Namun rasa gugupnya segera sirna ketika Elang Merah tersenyum lembut dan membuka mulutnya.
“Saya rasa ini memiliki banyak potensi.”
“Kemudian…”
“Apakah Anda sedang bekerja di lokasi konstruksi saat ini?”
“Ya.”
“Saya akan membayar Anda jauh lebih dari itu. Silakan datang ke laboratorium kami dan mari kita teliti mesin baru yang Anda ciptakan.”
“…!”
Itulah jawaban yang diinginkannya, tetapi ketika mendengarnya, pikiran Golden Lake menjadi kosong.
Tidak heran.
“Terima kasih! Saya akan berusaha sebaik mungkin!”
“Haha.

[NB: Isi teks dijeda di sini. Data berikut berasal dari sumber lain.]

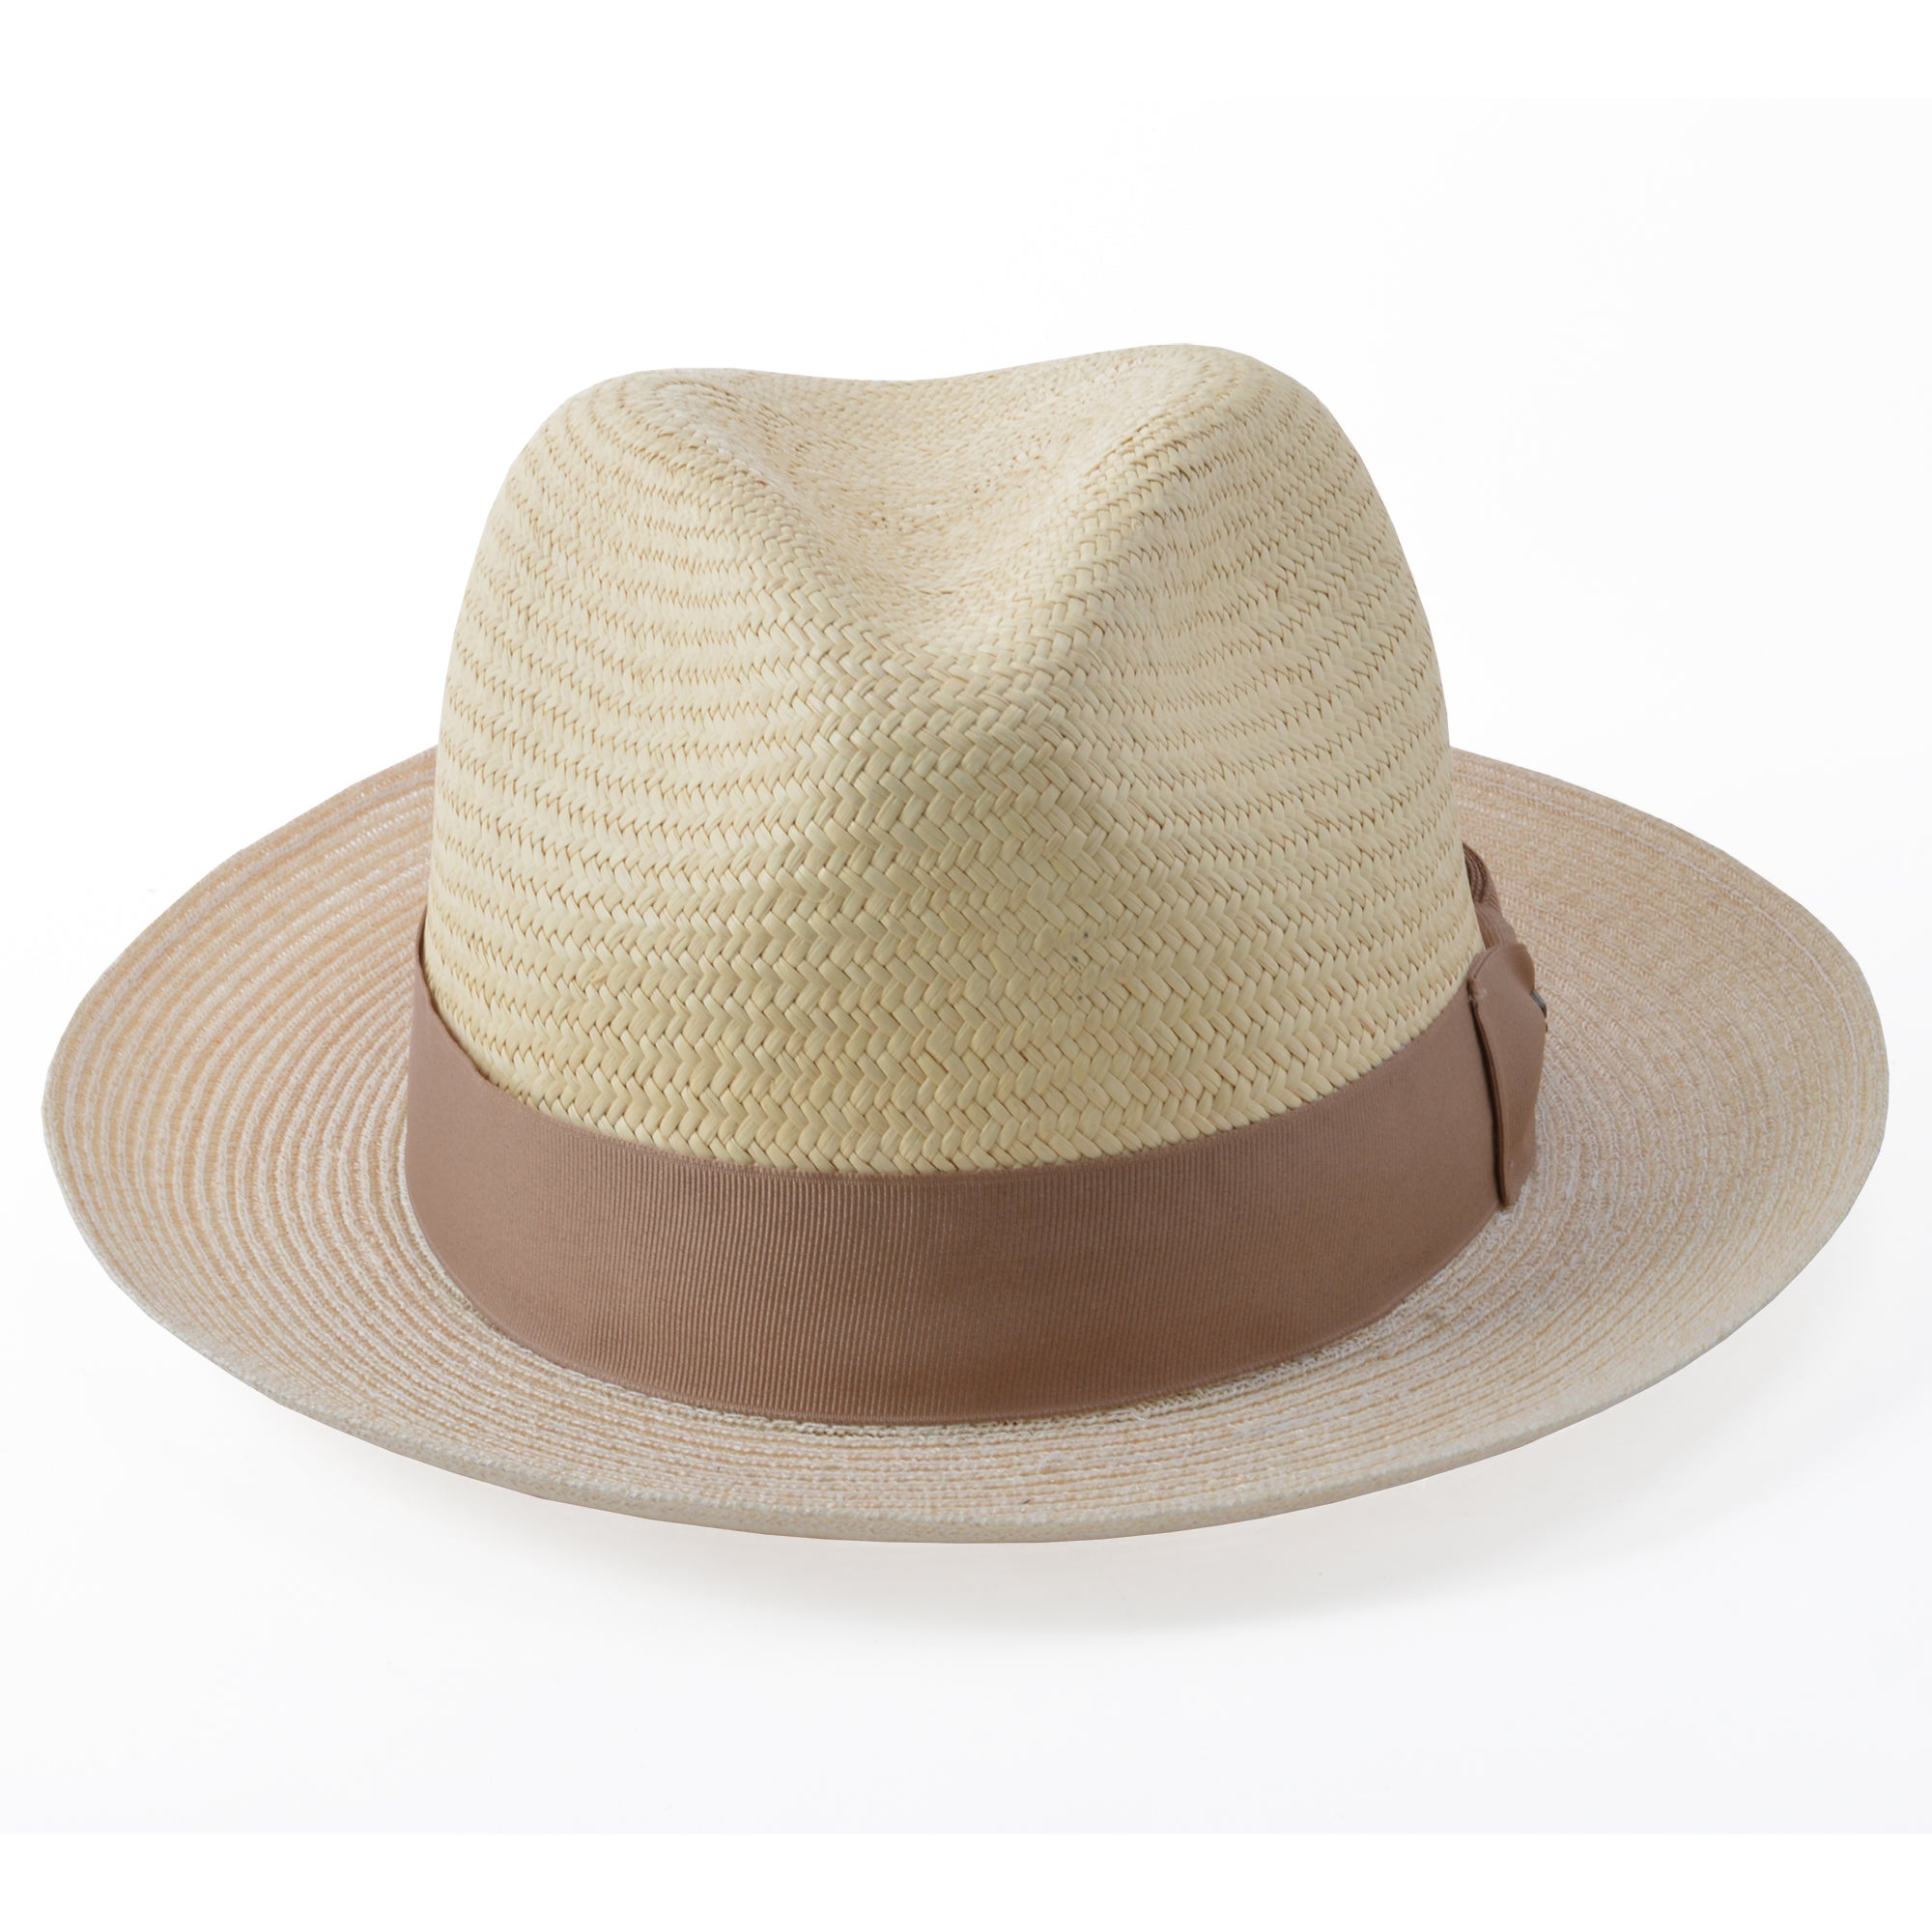 Stetson Aston Hemp & Panama Straw Fedora Hat
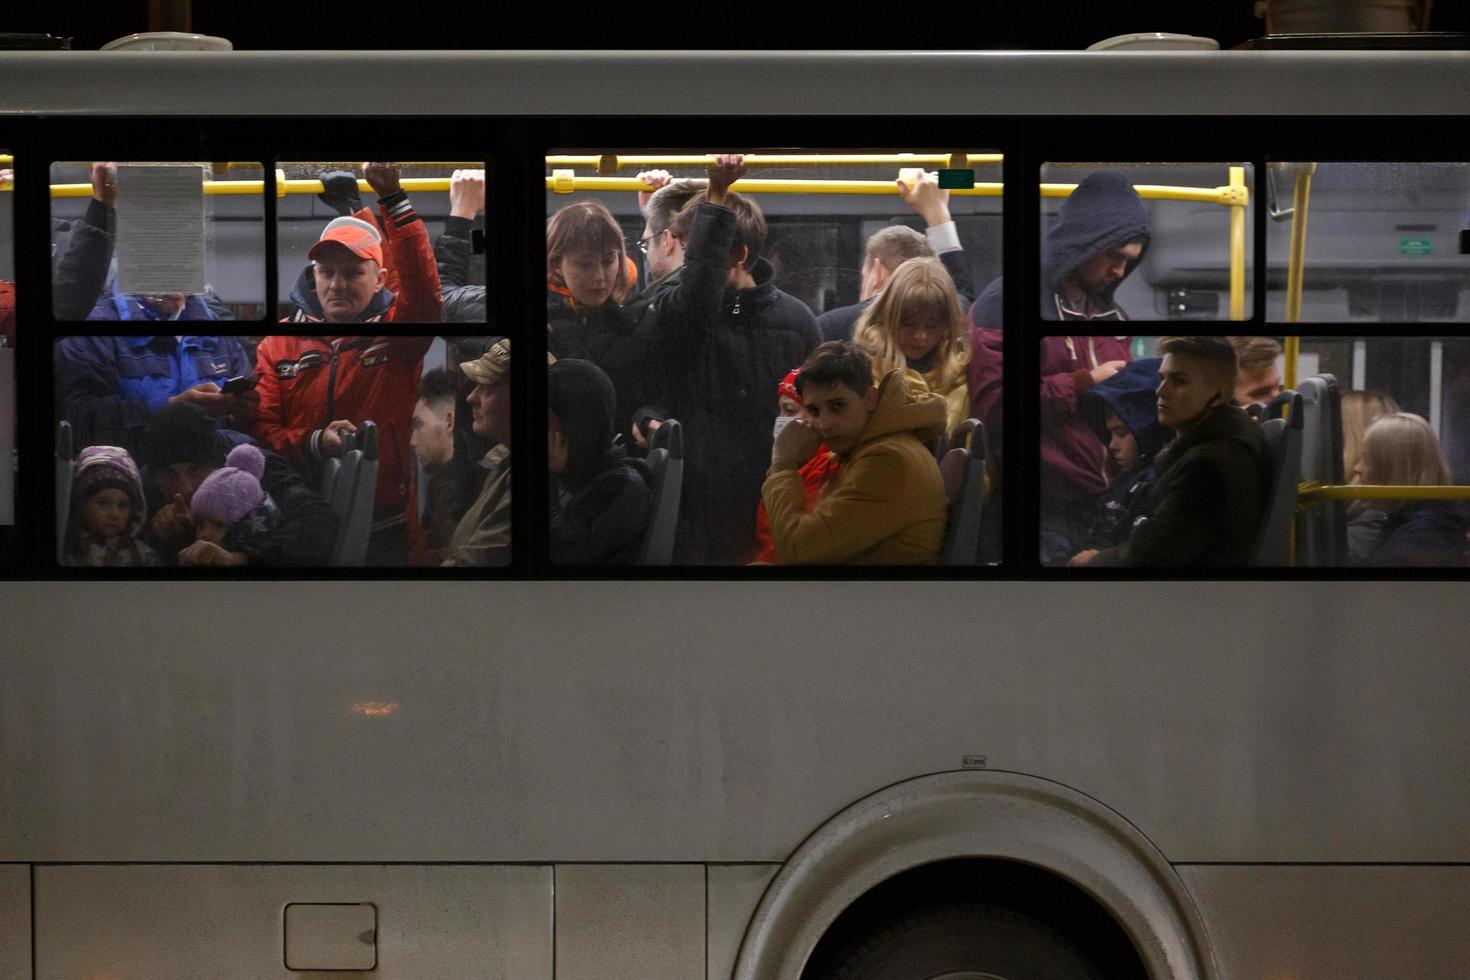 tula, russie 9 mai 2021 foule de personnes dans un bus public blanc la nuit de printemps, vue latérale de l'extérieur photo

Kamu tidak perlu bekerja sampai mati.”
Red Eagle melambaikan tangannya menanggapi antusiasme Golden Lake yang meluap-luap, tetapi wajahnya sendiri menunjukkan kegembiraannya.
Hal ini berlanjut bahkan setelah Golden Lake secara resmi bergabung dengan laboratorium tersebut.
Dia tiba lebih awal dan pergi lebih lambat daripada siapa pun.
Dan karena itu adalah idenya sendiri, dia mengambil peran terpenting dalam meneliti mesin baru tersebut.
Tentu saja, ada kesenjangan antara teori dan realitas, dan dia menghadapi banyak kesulitan karena ini adalah pertama kalinya dia melakukan penelitian yang sebenarnya.
Namun seiring waktu berlalu, ia mulai melihat hasil yang nyata.
Dan akhirnya, di tangannya, mesin pembakaran internal pertama lahir.
“Aku pasti sudah gila…”
Kemudian, ketika semua liku-liku cerita ini terungkap, Thick Blanket akan menyesali tindakan bodohnya dan membenturkan kepalanya ke tanah.